■ YOUR GOAL:
Begin with the line that holds "Paracord Spool For Pack by BW509" and retype through the last line of the listing below, exactly; pictures are not part of the copy.

■ DATA PROVIDED:
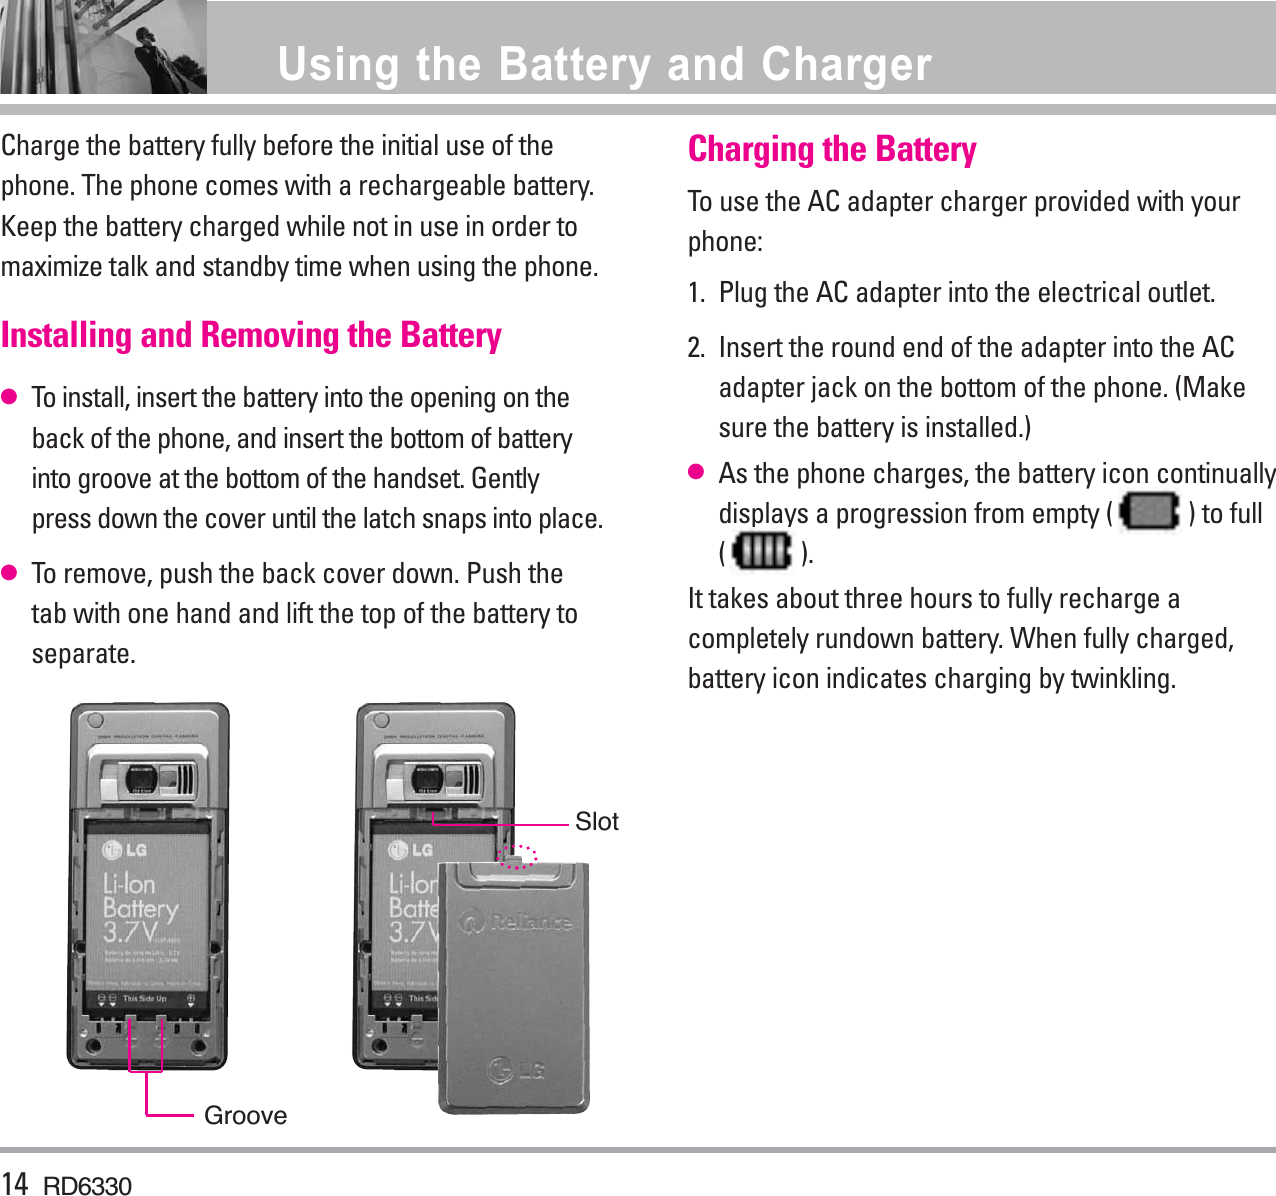 Charge the battery fully before the initial use of thephone. The phone comes with a rechargeable battery.Keep the battery charged while not in use in order tomaximize talk and standby time when using the phone.Installing and Removing the Battery●To install, insert the battery into the opening on theback of the phone, and insert the bottom of batteryinto groove at the bottom of the handset. Gentlypress down the cover until the latch snaps into place.●To remove, push the back cover down. Push thetab with one hand and lift the top of the battery toseparate.Charging the BatteryTo use the AC adapter charger provided with yourphone:1.  Plug the AC adapter into the electrical outlet.2.  Insert the round end of the adapter into the ACadapter jack on the bottom of the phone. (Makesure the battery is installed.)●As the phone charges, the battery icon continuallydisplays a progression from empty ( ) to full( ). It takes about three hours to fully recharge acompletely rundown battery. When fully charged,battery icon indicates charging by twinkling.14 RD6330Using the Battery and ChargerGrooveSlot
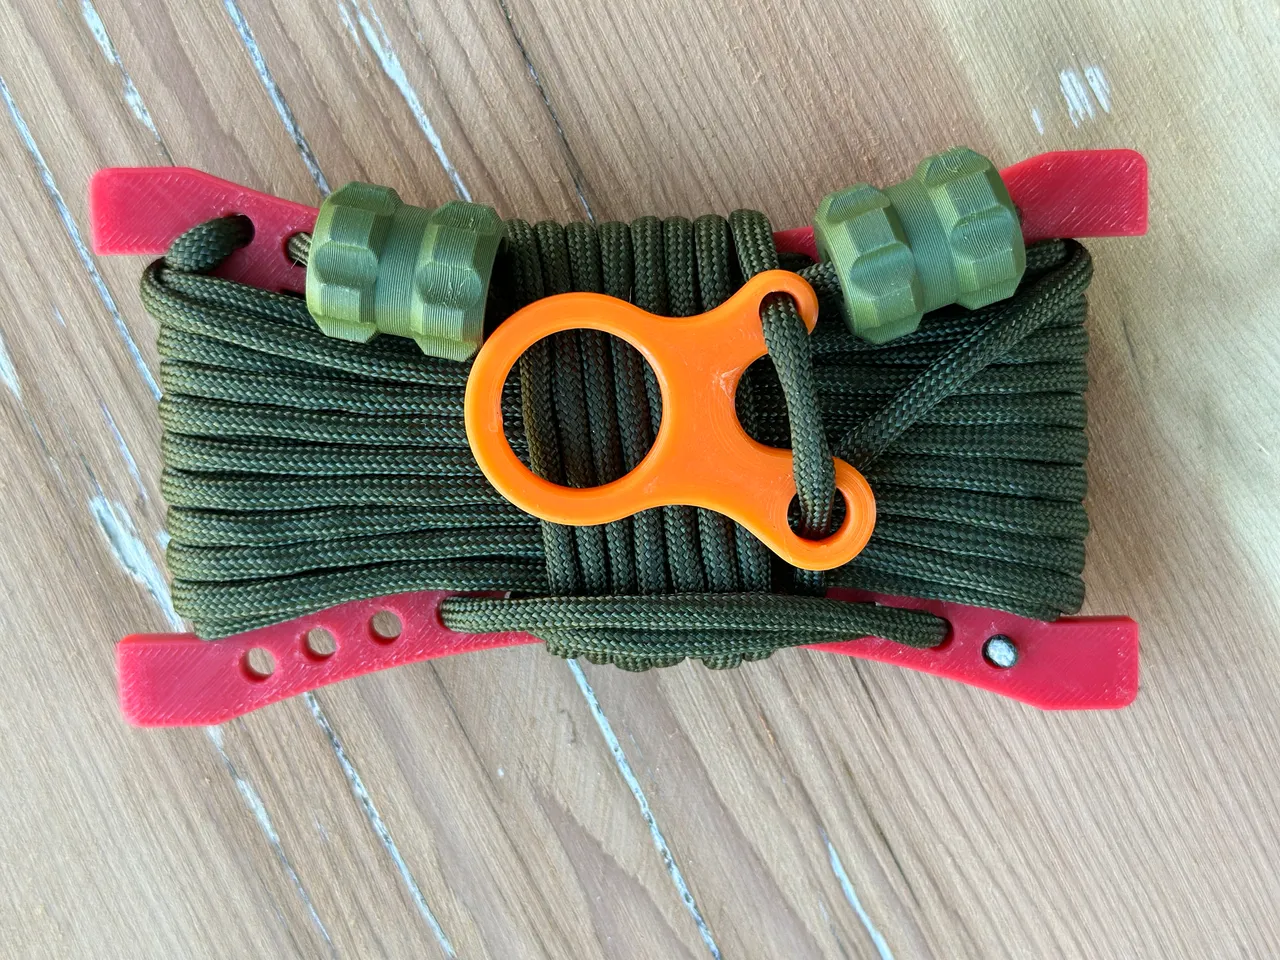 Paracord Spool For Pack by BW509
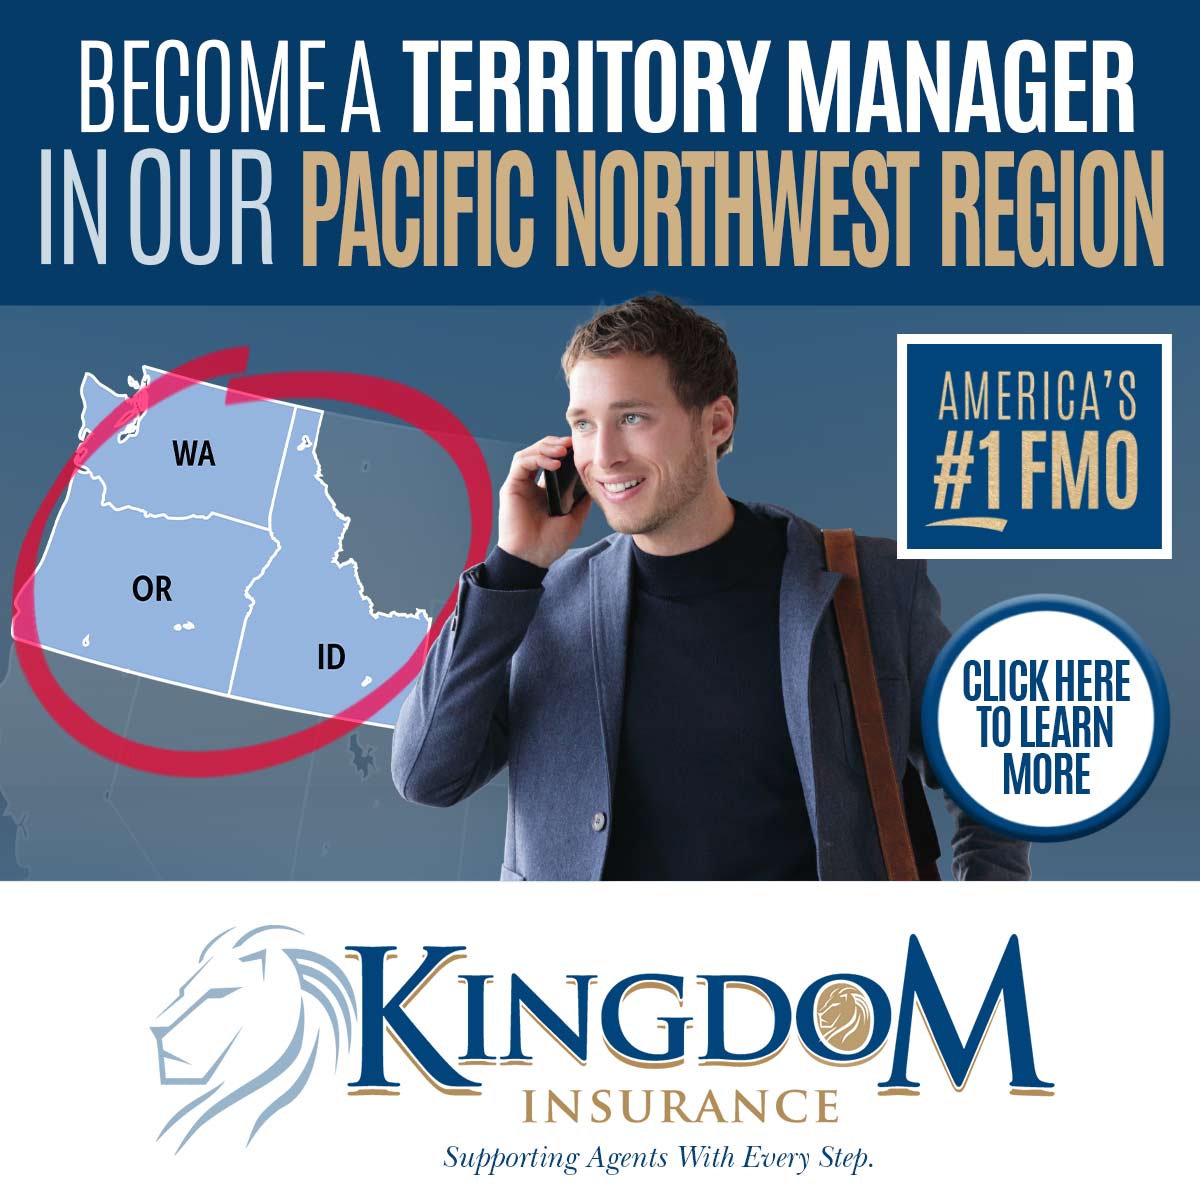 Become a Territory Manager in our Soutwest Region. American's #1 FMO. Click here to learn more. Kingdom Insurance. Supporting agents with every step.

■ OUTPUT:
 Paracord Spool For Pack by BW509
 Become a Territory Manager in our Soutwest Region. American's #1 FMO. Click here to learn more. Kingdom Insurance. Supporting agents with every step.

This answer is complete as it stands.